Master plan for Solar City ready

City can potentially achieve the prescribed target well within five years.

June 13, 2015 12:00 am | Updated 07:52 am IST

The master plan for the solar city project of the Kochi Corporation is ready.

Kochi is among the 60 cities selected by the Union Ministry of New and Renewable Energy for the solar city initiative. A release issued by the local body said the master plan was prepared by the International Council for Local Environmental Initiatives (ICLEI). Mayor Tony Chammany received the master plan from Sunandan Tiwari, Deputy Director of ICLEI, at New Delhi.

The Centre has earmarked Rs. 50 lakh for the Kochi solar city project. ANERT (Agency for Non-conventional Energy and Rural Technology), the State nodal agency for the project, has sanctioned Rs. 19.42 lakh out of the Rs. 50 lakh to the corporation.

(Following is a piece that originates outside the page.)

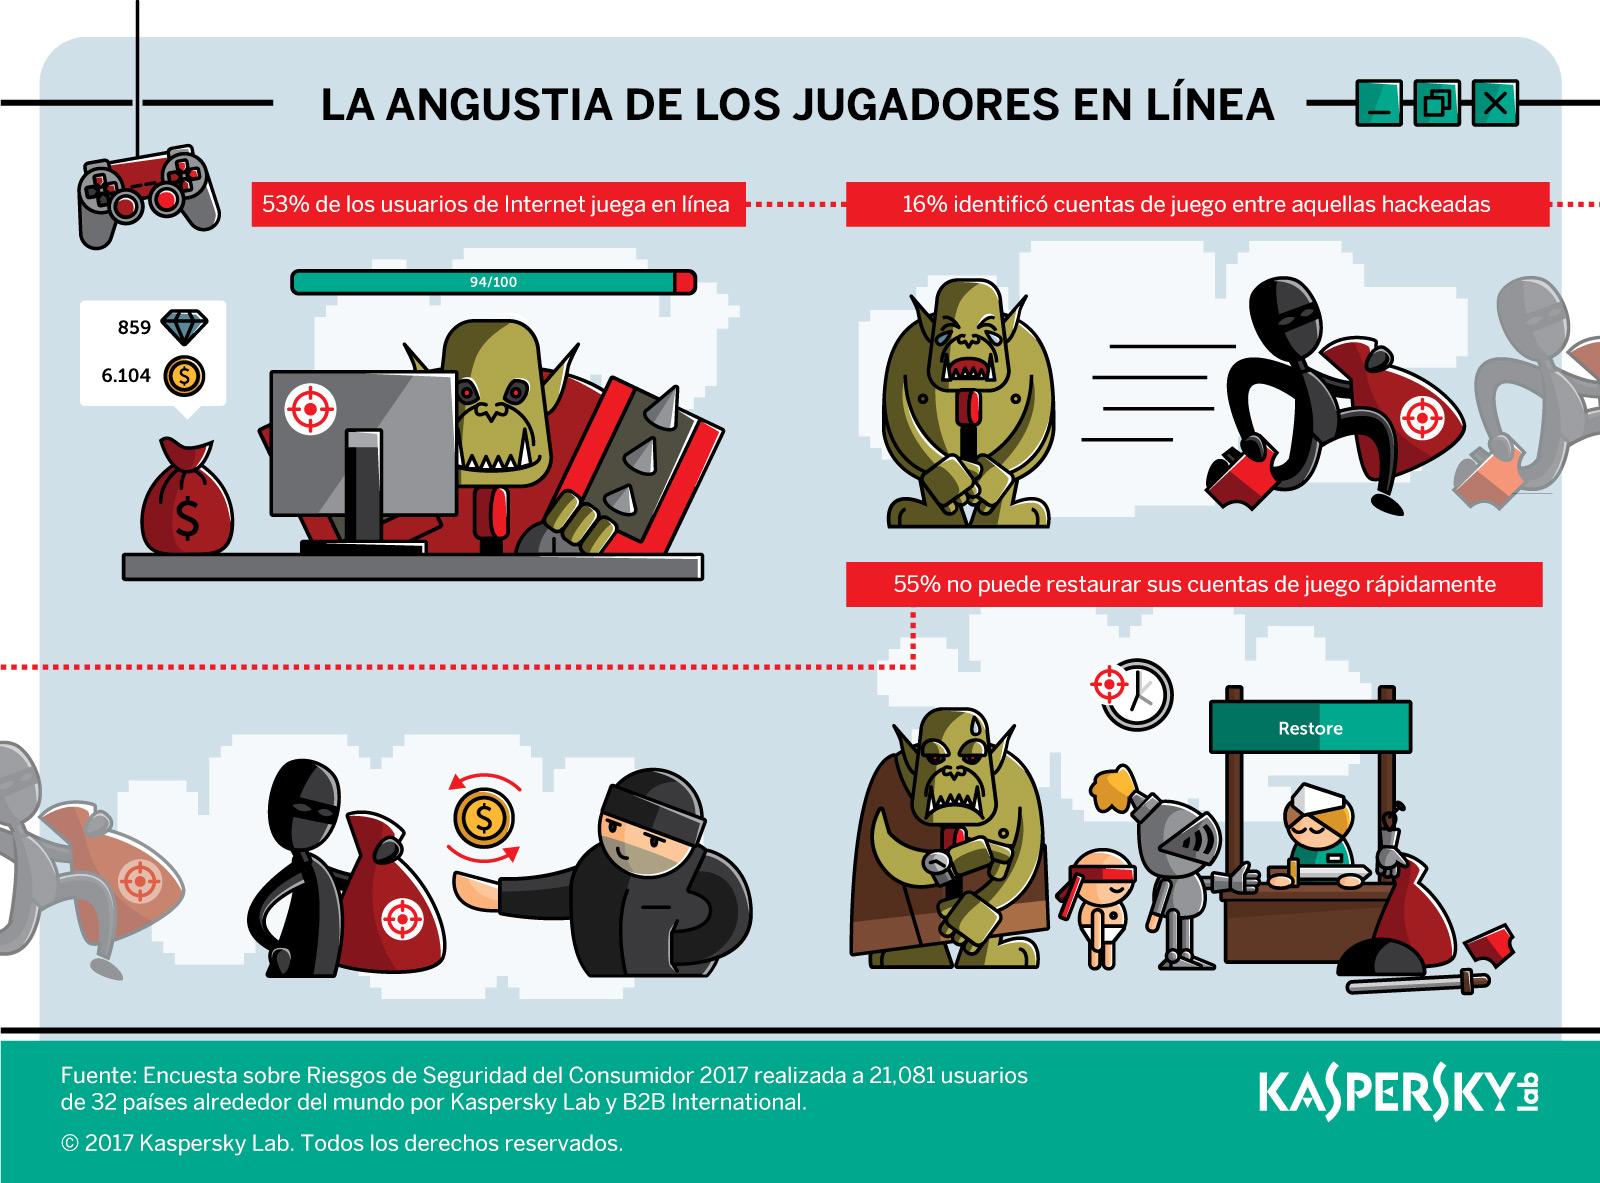 Jugadores en línea de América Latina dejan sus cuentas vulnerables a ciberamenazas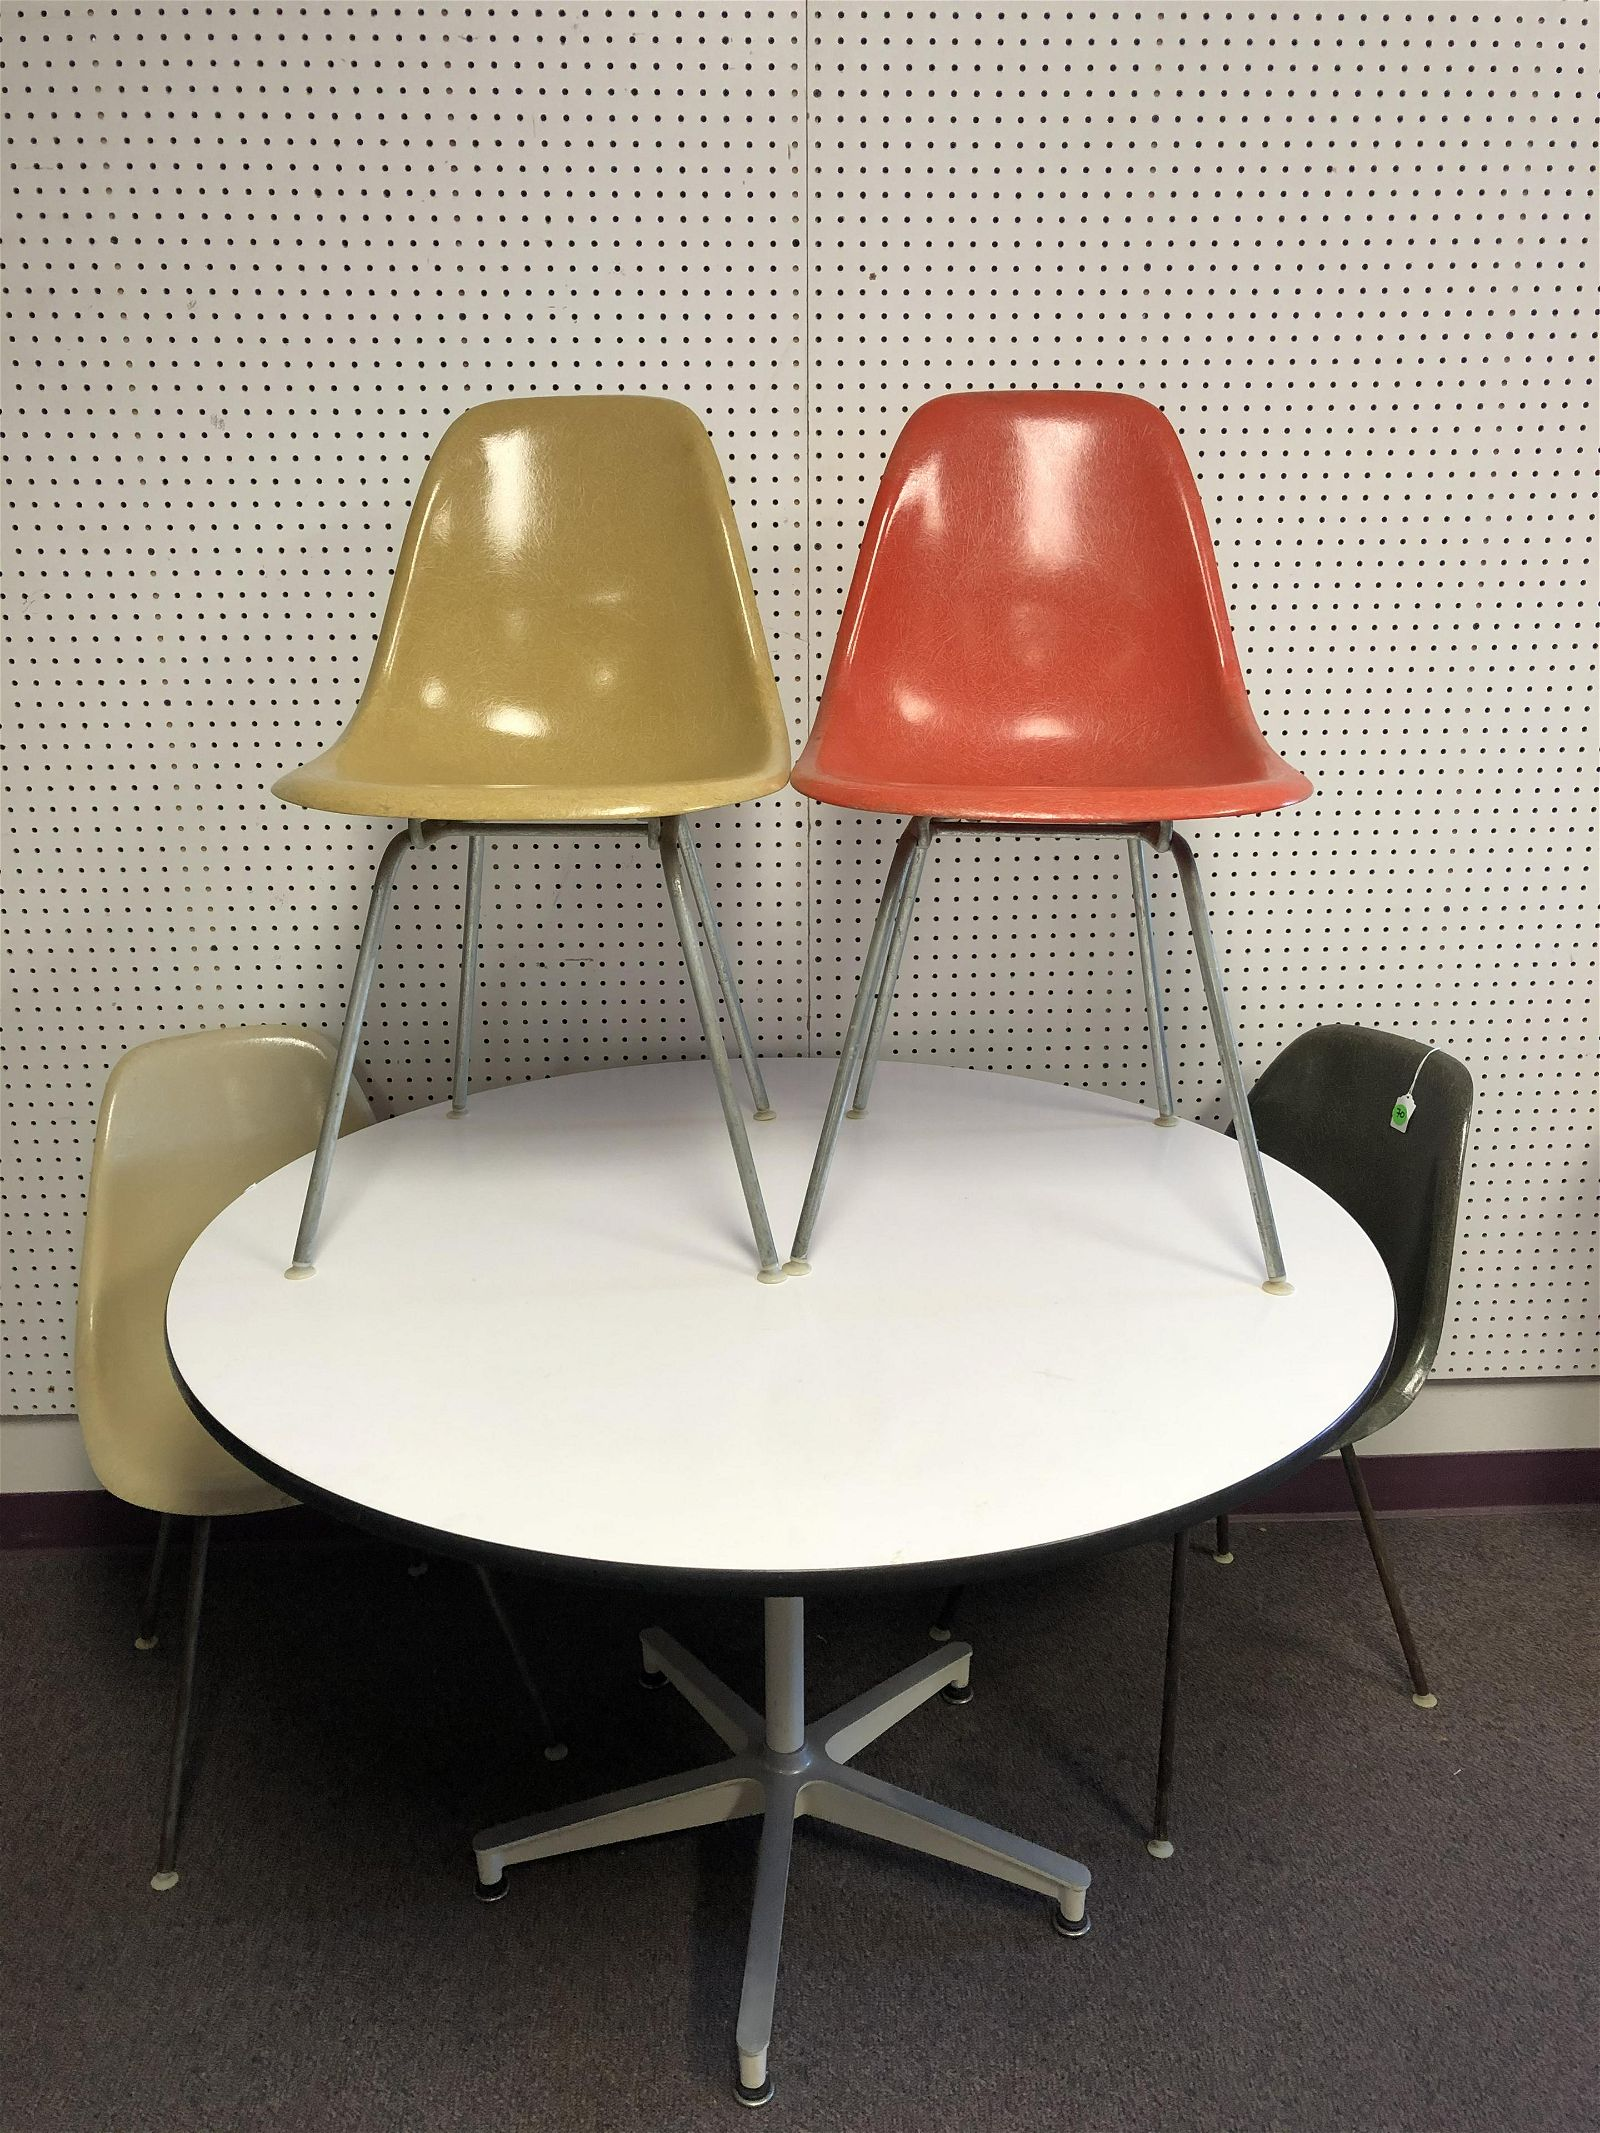 MCM Eames Herman Miller Table, Fiberglass Chairs -

The master plan will soon be presented before the corporation council. The total indicative budget for developing Kochi as a solar city is estimated at Rs. 696.59 crore. The funds will be invested over the five years of its implementation period. The total budget will be shared by the State government and the city authority, the Ministry of New and Renewable Energy, and private users.

Estimates in the master plan suggested that the energy consumption in Kochi by 2021 under the highest growth scenario is 975 million units (MU). This gives the city a 10 per cent reduction goal of 97.5 MU.

Experts pointed out that a reduction through cumulating renewable energy and energy efficiency initiatives in the city render an aggregate reduction of 155.42 MU over five years.

Renewable energy interventions alone can achieve 93.64-MU reduction with a substantial contribution towards the overall reduction from industrial (33.25 per cent) and residential (29.36 per cent) sectors.

According to the master plan, savings in energy brought about by energy efficiency programmes is 63.04 MU over the same five year period with major contributions from initiatives undertaken in industrial (22.4 per cent) and residential (27.32 per cent) sectors. With targeted projects such as installation of solar water heaters and replacement of DG sets with photovoltaic systems, the city could potentially achieve the prescribed target well within five years, it said.